After the reports, Attorney General Christian Porter said he referred the accusations to the Australian Commission for Law Enforcement Integrity, an anti-corruption body that investigates federal agencies, since they related to government officials.

In a open letter signed by its board, and circulated by the Australian Securities Exchange, Crown’s directors said the company was being subjected to a deceitful campaign that had unfairly attempted to damage its reputation.

“Much of this unbalanced and sensationalized reporting is based on unsubstantiated allegations, exaggerations, unsupported connections and outright falsehoods,” the directors said.

“Crown has not sought to circumvent visa requirements or compromise any process of identification or verification for immigration purposes,” they added.

Signatories included Crown’s Executive Chairman John Alexander, former finance department head Jane Halton, former communications minister Helen Coonan and Geoff Dixon, the former chief executive of Qantas Airways (QAN.AX).

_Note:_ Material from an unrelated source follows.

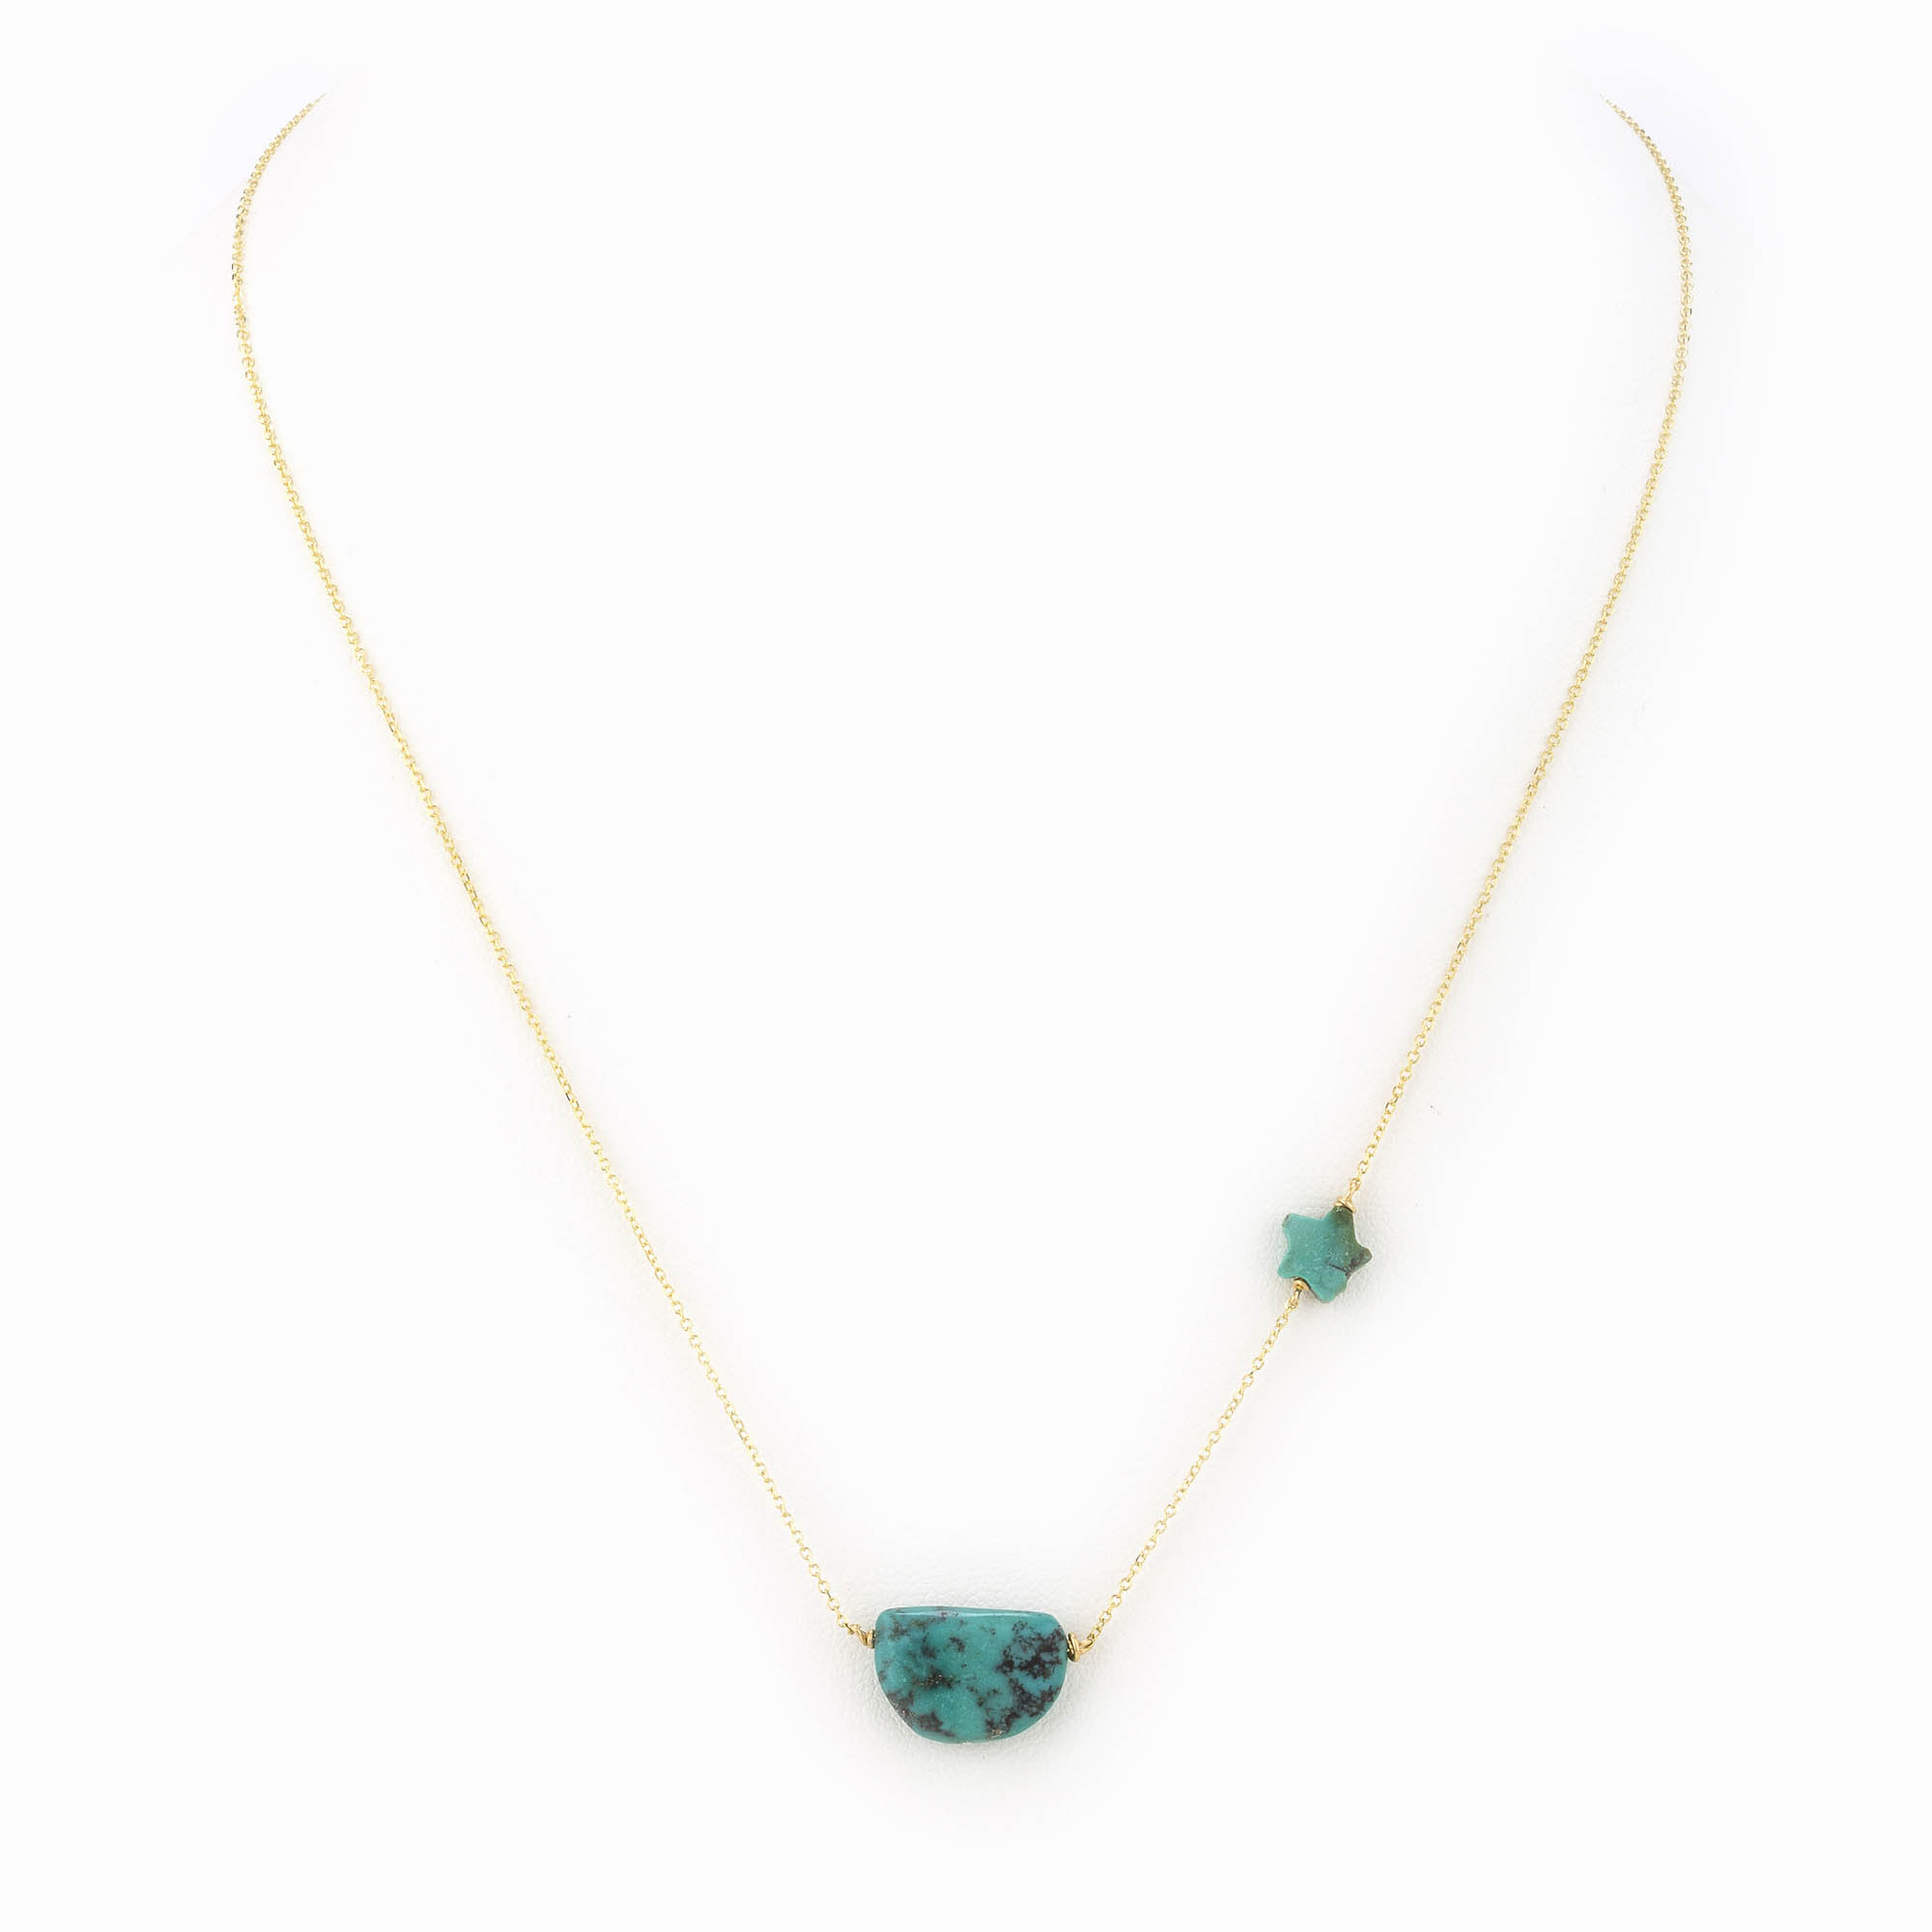 Featured image for “Blue Sky Gold Necklace”

Founder and major shareholder James Packer did not sign the letter, as the billionaire has no executive or board position, despite owning a fifth of the company.

The letter reiterated previous company statements that it had a comprehensive anti-money laundering program and a robust process for vetting junket operators, describing itself as “a highly reputable Australian and global tourism operator”.

A Crown spokeswoman did not immediately respond to an email seeking further explanation of the letter.

Crown shares had fallen 6.4% in three trading days since media started running the reports.

Crown also denied withholding market-sensitive information in a letter published separately that responded to an Australian Securities Exchange query whether it had withheld information that might have influenced trade in its shares.